Pity the siblings of pop royalty. Solange's publicists tiptoe coyly around the B-word, but the 22-year-old still acknowledges on album opener 'God Given Name' that, yes, she has a famous sister (Beyonce) and no, she doesn't like comparisons. The more esoteric fringes of this, her second record, force the point; big sis may never have sampled Scottish electronic recluses Boards of Canada but Solange's bid for ambient kudos ('This Bird') is slight. Much better are the Sixties girl group-inspired moments where Solange displays a breezy charm that is all her own.
Ally Carnwath

The Peth
The Golden Mile (Strangetown Records Inc) £11.99

Whatever the Peth is for Rhys Ifans, it's not a vanity project. The actor fronts this new Cardiff-based band but manages to keep a pretty low profile. At the controls is Super Furry Animals drummer Dafydd Ieuan, who has written 10 unremarkable rock songs with a psychedelic overlay. Ifans contributed some lyrics but most of his vocals are drowned out in a sea of effects. Snippets rise to the surface: 'Last Man Standing' celebrates a hedonistic past; 'Stonefinger' laments a heart broken - perhaps by Ifans's ex, Sienna Miller. 'Let's Go Fucking Mental' is mindless chant-along fun, but the rest stimulates little interest.
Killian Fox

The Automatic
This Is a Fix (B-Unique) £12.99

Having traded wacky keyboardist Alex Pennie for Paul Mullen from Yourcodenameis:milo, the Wales-based foursome who had a monster hit with Monster , turn to album two. The Mullen-penned opener 'Magazines', all jagged bass and pumped up indie-pop vocals, suggests he was a wise addition, while the shiny guitar spangle and shouty chorus chant of first single 'Steve McQueen' is another success. Yet much of this album flabs out into overblown Eighties stodge. It's a shame this misguided romance with stadium pomp overshadows the light-hearted pop rock the Automatic do so well.
Katie Toms

Various
Rough Guide to the Klezmer Revolution (World Music Network) £8.99

Once the epitome of Jewish old fogeydom, Klezmer now rallies dissident voices. With New York as the major spawning ground and the Klezmatics as pioneers, its clarinets, accordions and violins have tangled with reggae, jazz and hip-hop, while fun-poking Yiddish cabaret has been redeployed to turn ancient marriage songs into gay anthems. This compilation samples the scene nicely.
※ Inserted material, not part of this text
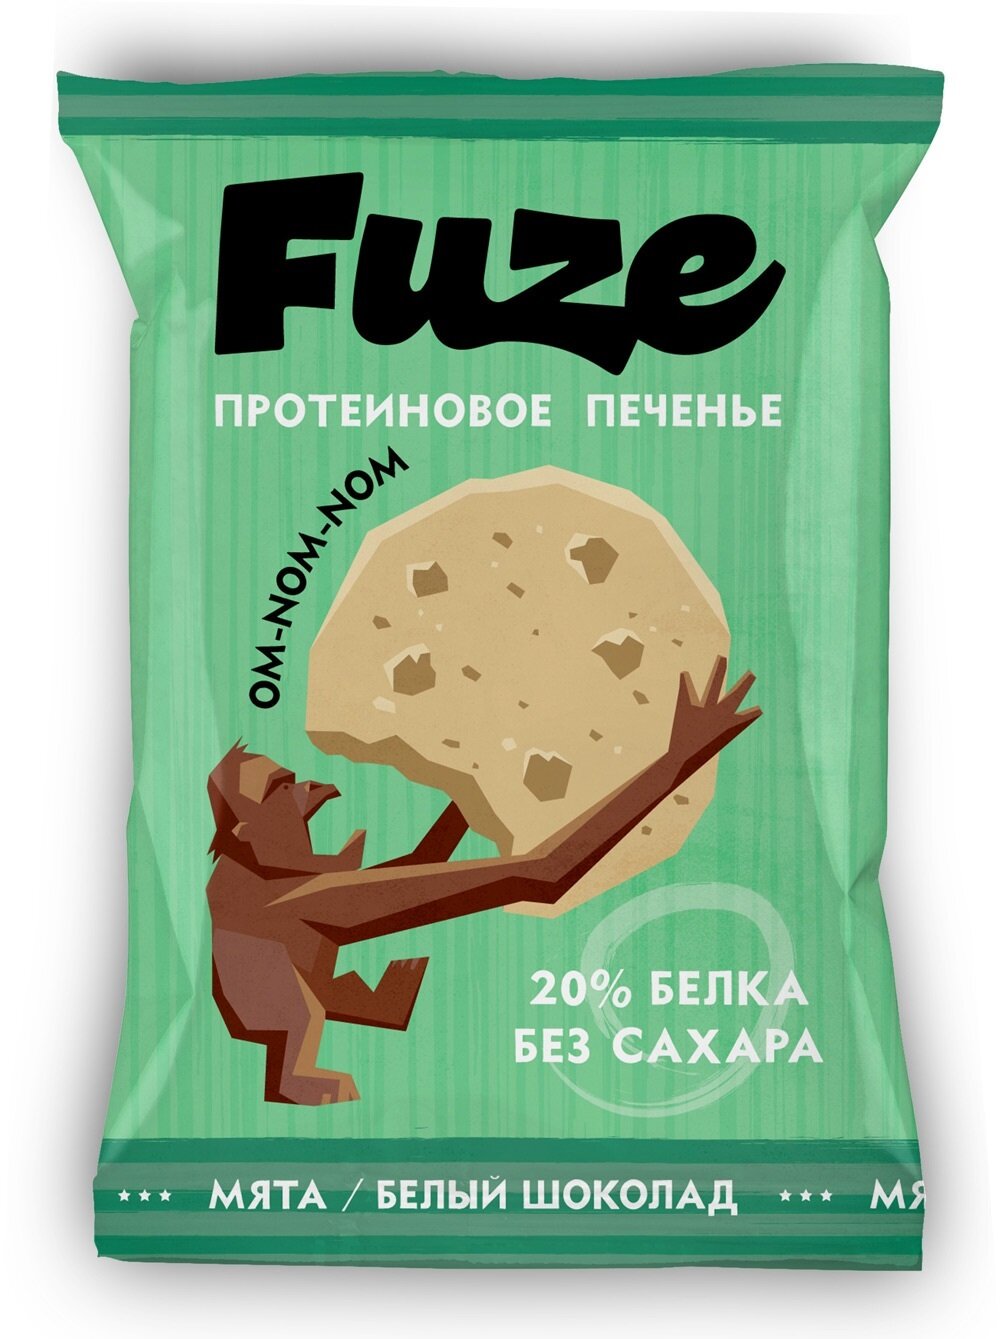 Печенье протеиновое без сахара Fuze. Вкус Мята-белый шоколад (бокс = 9 уп.)

There's plenty of uptempo oompah, in which London's Oi Va Voi do a nice line, lyrical jazz piano from Marilyn Lerner, and some stonking dub from the Amsterdam Klezmer Band.
Neil Spencer

Ken Peplowski & Jesper Thilo
Happy Together (Nagel-Heyer) £13.99

Rarely has an album been more aptly titled. Peplowski (American) and Thilo (Danish) both play tenor saxophone and clarinet, so this could be the set-up for a duel. But they are clearly having so much fun on this live session, recorded in Hamburg last year, that the atmosphere is charged with good feelings. With classic swing out of favour in the US, Europe has become its new home and you are much more likely to encounter music of this quality in London or Hamburg than in New York. The accompanying trio, led by pianist Thilo Wagner, is more than equal to the task.